The associations, whose officials are directly elected by the farmers, are responsible for ensuring the supply of water to all farmers in their area. That involves organizing the repair and maintenance of irrigation canals and regularly opening locks to allow the flow of water from main arteries to the vein-like channels that criss-cross large parts of China's densely populated countryside.
Simple tasks. But the secure provision of the most important commodity in the rural economy to the farmers that depend on it is a significant achievement. "Water is the farmer's life blood, it determines whether their children have enough to eat," says Richard Reidinger, who as lead agricultural economist at the World Bank in Beijing has played a key role in the promotion of WUAs in China.

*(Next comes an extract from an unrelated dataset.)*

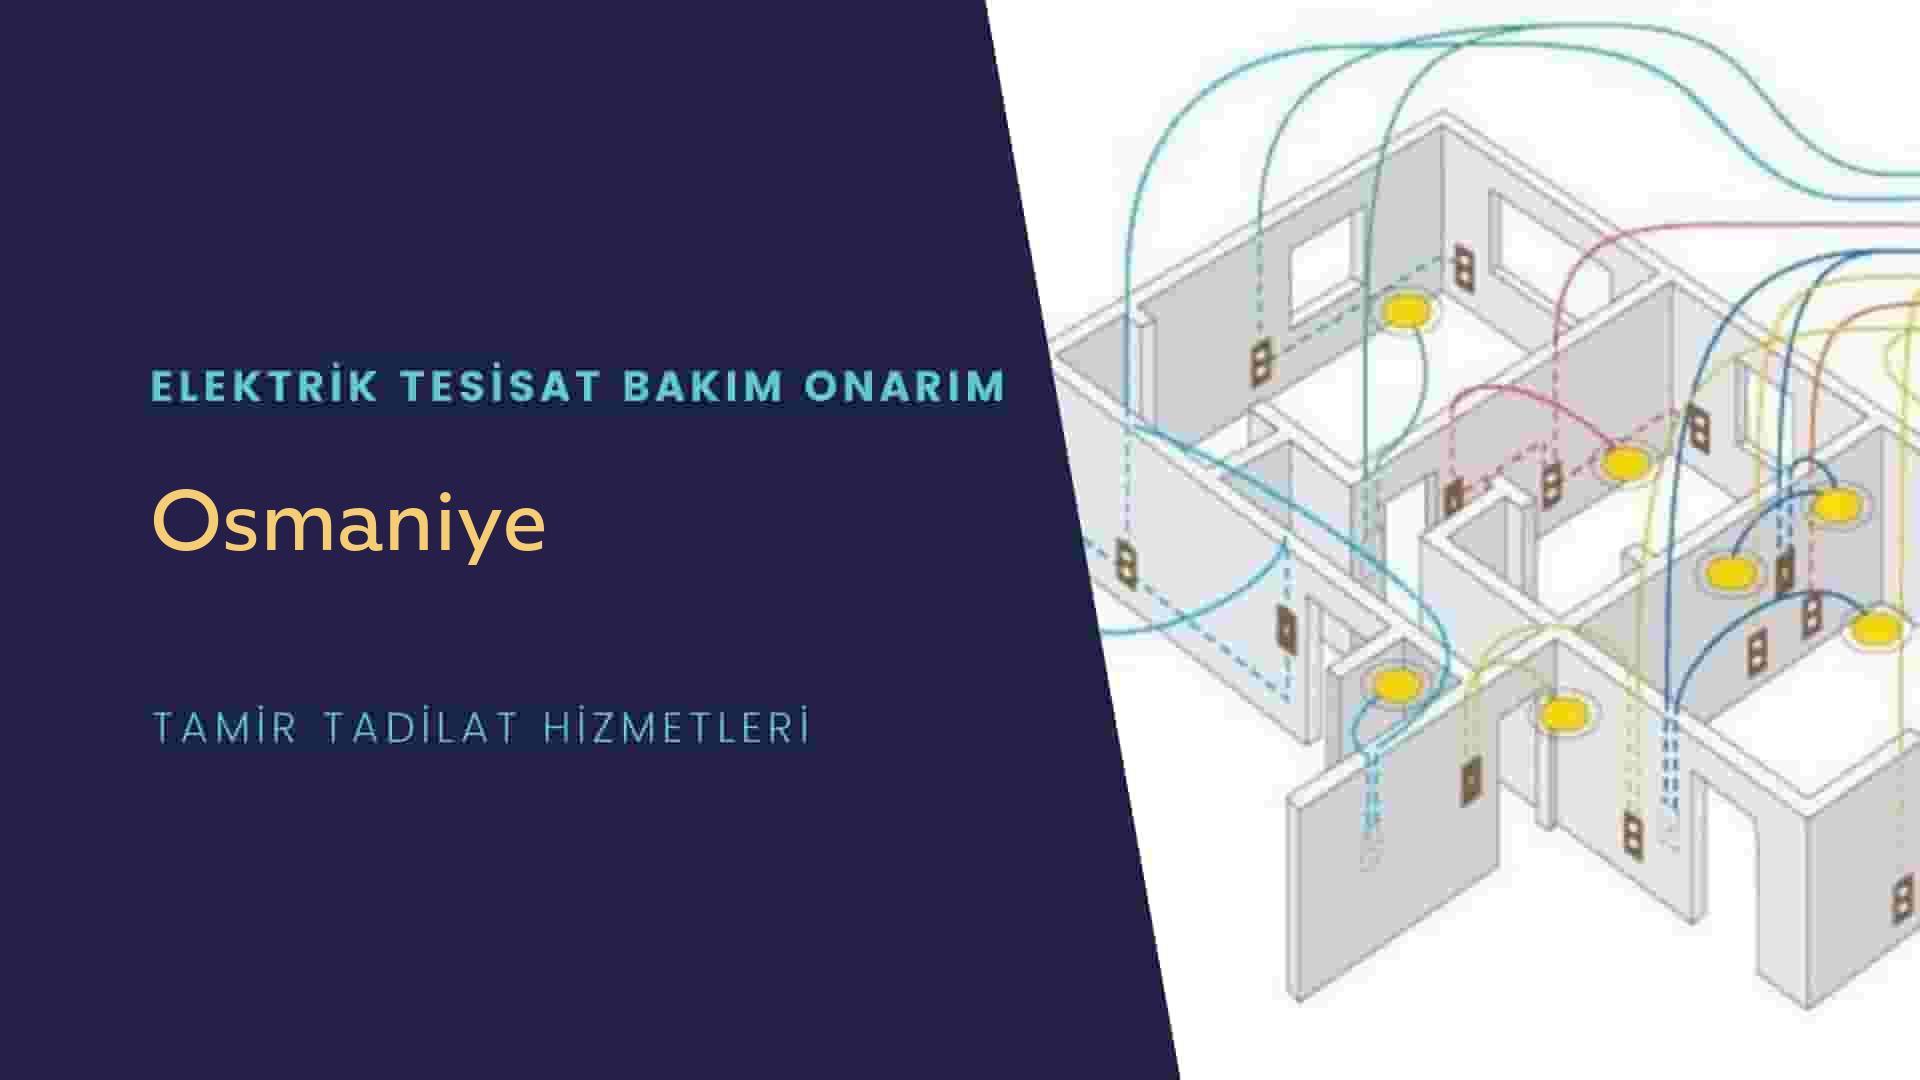 Osmaniye'de elektrik tesisatıustalarımı arıyorsunuz doğru adrestenizi Osmaniye elektrik tesisatı ustalarımız 7/24 sizlere hizmet vermekten mutluluk duyar.

The associations buy water-with funds pooled by their members-from a state-owned water-supply company that in turn buys it from the county or provincial water bureau. The three combined make up what is called a self-financing irrigation and draining district. Look at a typical case in Hubei: The Zhang He reservoir supplies water to the San Gan Management District, which sells it to the Jingmen City Water Resource Company that in turn feeds water to 23 WUAs with a total area of over 20,000 hectares.
In a nudge towards water conservation, supply companies charge WUAs for the volume of water they use. In the past, villages were charged for water based on the amount of land they had under cultivation, regardless of the amount of water they used. Under that system there was no incentive to save. This simple reform cut water usage by up to 20% in some villages, says Reidinger. Raising water prices in northern China, where the crisis is most serious, and charging by volume rather than by land area, would further encourage conservation, say experts. But that's a politically sensitive move in the countryside, where many farmers' finances are stretched by random levies.
One of the key benefits for farmers is that by organizing the supply of water the associations save them an enormous amount of time and labour. "Before, it took about 100 people per village to administer water supply during the three or four peak periods every year when farmers most needed it," says Chen Jingxiang, chairman of the Lugang association. Now, because everybody's supply is guaranteed, eight people are enough to open and close the locks between water channels and oversee distribution.
In addition, the renovation and extension of irrigation canals in Lugang has added 15% more land to the irrigated area, allowing farmers there to produce higher-yield crops.
In the 1950s and 1960s Maoist work brigades built ditches and canals to expand the irrigation systems across China. Such advances helped China's countryside grow enough food to accommodate the rapid rise in post-revolution baby boomers that doubled the country's population between 1952 and 1980.
Rural reforms initiated in the 1980s saw farmers take responsibility for their own land holdings. Communal duties, including upkeep of the irrigation systems, became more haphazard and competition for water was often fierce, reviving local antagonisms that had been buried by the uniformity forced on rural communities by the communist regime in the 1950s.
Today, WUAs are a marker of how rural communities are making decisions that once were made for them. "Farmers can now reach agreement among themselves about water use, it's kind of self-governing," says author Ma Jun.
For Xiao, the water user association has brought security and savings. "Before there was no management and a lot of water was wasted," she says. Her water costs have gone down 40% since the WUA took over water supply from the local government.
And she no longer has to worry about the dangers of protecting her water supply. Guarding water is "man's work, but they are not at home," says Xiao, referring to her husband and 20-year-old son, who work in nearby Jingmen city. Not having to stand guard over their water supply frees farmers up to maintain irrigation canals, repair tools or take on other jobs or, as Xiao confessed, to just rest.